▶ REQUIRED WORK:
Retype every record that appears below, unchanged.

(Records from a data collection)
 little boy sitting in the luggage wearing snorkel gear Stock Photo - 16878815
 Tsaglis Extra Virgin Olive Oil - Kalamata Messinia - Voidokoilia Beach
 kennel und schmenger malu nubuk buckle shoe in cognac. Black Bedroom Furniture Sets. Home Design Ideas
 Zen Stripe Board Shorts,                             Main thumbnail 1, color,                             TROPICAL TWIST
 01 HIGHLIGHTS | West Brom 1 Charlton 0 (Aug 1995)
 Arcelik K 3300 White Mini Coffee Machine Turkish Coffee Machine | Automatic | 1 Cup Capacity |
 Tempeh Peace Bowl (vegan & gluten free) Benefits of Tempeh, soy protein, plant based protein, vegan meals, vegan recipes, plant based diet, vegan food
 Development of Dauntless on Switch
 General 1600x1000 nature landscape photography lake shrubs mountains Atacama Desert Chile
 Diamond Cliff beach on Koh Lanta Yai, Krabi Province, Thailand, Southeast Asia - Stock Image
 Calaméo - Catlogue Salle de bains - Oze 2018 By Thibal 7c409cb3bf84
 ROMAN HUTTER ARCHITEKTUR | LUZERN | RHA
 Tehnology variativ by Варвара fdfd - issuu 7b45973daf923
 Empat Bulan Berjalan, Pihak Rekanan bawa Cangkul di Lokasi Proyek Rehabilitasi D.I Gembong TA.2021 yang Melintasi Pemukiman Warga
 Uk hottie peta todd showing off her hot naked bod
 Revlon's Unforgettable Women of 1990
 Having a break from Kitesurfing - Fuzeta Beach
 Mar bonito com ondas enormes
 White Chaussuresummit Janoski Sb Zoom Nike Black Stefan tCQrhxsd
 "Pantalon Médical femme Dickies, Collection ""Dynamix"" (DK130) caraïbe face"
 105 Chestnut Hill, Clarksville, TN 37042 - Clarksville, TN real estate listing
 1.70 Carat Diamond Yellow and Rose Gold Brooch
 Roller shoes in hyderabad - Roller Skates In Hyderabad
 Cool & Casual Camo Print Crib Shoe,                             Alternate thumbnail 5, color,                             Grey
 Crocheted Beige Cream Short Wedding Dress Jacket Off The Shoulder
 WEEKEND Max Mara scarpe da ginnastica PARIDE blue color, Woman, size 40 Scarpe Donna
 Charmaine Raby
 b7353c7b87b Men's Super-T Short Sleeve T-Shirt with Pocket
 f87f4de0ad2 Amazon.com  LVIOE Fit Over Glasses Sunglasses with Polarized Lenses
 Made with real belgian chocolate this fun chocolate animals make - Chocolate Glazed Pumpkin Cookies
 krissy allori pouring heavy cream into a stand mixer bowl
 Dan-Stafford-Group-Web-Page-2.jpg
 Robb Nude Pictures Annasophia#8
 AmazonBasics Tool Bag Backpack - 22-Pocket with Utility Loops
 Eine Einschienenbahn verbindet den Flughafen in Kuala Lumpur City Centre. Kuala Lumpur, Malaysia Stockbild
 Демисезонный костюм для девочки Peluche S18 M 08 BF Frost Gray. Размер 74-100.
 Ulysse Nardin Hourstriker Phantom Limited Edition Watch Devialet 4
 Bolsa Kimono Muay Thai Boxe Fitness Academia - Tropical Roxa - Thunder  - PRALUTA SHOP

▶ REPLY:
 little boy sitting in the luggage wearing snorkel gear Stock Photo - 16878815
 Tsaglis Extra Virgin Olive Oil - Kalamata Messinia - Voidokoilia Beach
 kennel und schmenger malu nubuk buckle shoe in cognac. Black Bedroom Furniture Sets. Home Design Ideas
 Zen Stripe Board Shorts,                             Main thumbnail 1, color,                             TROPICAL TWIST
 01 HIGHLIGHTS | West Brom 1 Charlton 0 (Aug 1995)
 Arcelik K 3300 White Mini Coffee Machine Turkish Coffee Machine | Automatic | 1 Cup Capacity |
 Tempeh Peace Bowl (vegan & gluten free) Benefits of Tempeh, soy protein, plant based protein, vegan meals, vegan recipes, plant based diet, vegan food
 Development of Dauntless on Switch
 General 1600x1000 nature landscape photography lake shrubs mountains Atacama Desert Chile
 Diamond Cliff beach on Koh Lanta Yai, Krabi Province, Thailand, Southeast Asia - Stock Image
 Calaméo - Catlogue Salle de bains - Oze 2018 By Thibal 7c409cb3bf84
 ROMAN HUTTER ARCHITEKTUR | LUZERN | RHA
 Tehnology variativ by Варвара fdfd - issuu 7b45973daf923
 Empat Bulan Berjalan, Pihak Rekanan bawa Cangkul di Lokasi Proyek Rehabilitasi D.I Gembong TA.2021 yang Melintasi Pemukiman Warga
 Uk hottie peta todd showing off her hot naked bod
 Revlon's Unforgettable Women of 1990
 Having a break from Kitesurfing - Fuzeta Beach
 Mar bonito com ondas enormes
 White Chaussuresummit Janoski Sb Zoom Nike Black Stefan tCQrhxsd
 "Pantalon Médical femme Dickies, Collection ""Dynamix"" (DK130) caraïbe face"
 105 Chestnut Hill, Clarksville, TN 37042 - Clarksville, TN real estate listing
 1.70 Carat Diamond Yellow and Rose Gold Brooch
 Roller shoes in hyderabad - Roller Skates In Hyderabad
 Cool & Casual Camo Print Crib Shoe,                             Alternate thumbnail 5, color,                             Grey
 Crocheted Beige Cream Short Wedding Dress Jacket Off The Shoulder
 WEEKEND Max Mara scarpe da ginnastica PARIDE blue color, Woman, size 40 Scarpe Donna
 Charmaine Raby
 b7353c7b87b Men's Super-T Short Sleeve T-Shirt with Pocket
 f87f4de0ad2 Amazon.com  LVIOE Fit Over Glasses Sunglasses with Polarized Lenses
 Made with real belgian chocolate this fun chocolate animals make - Chocolate Glazed Pumpkin Cookies
 krissy allori pouring heavy cream into a stand mixer bowl
 Dan-Stafford-Group-Web-Page-2.jpg
 Robb Nude Pictures Annasophia#8
 AmazonBasics Tool Bag Backpack - 22-Pocket with Utility Loops
 Eine Einschienenbahn verbindet den Flughafen in Kuala Lumpur City Centre. Kuala Lumpur, Malaysia Stockbild
 Демисезонный костюм для девочки Peluche S18 M 08 BF Frost Gray. Размер 74-100.
 Ulysse Nardin Hourstriker Phantom Limited Edition Watch Devialet 4
 Bolsa Kimono Muay Thai Boxe Fitness Academia - Tropical Roxa - Thunder  - PRALUTA SHOP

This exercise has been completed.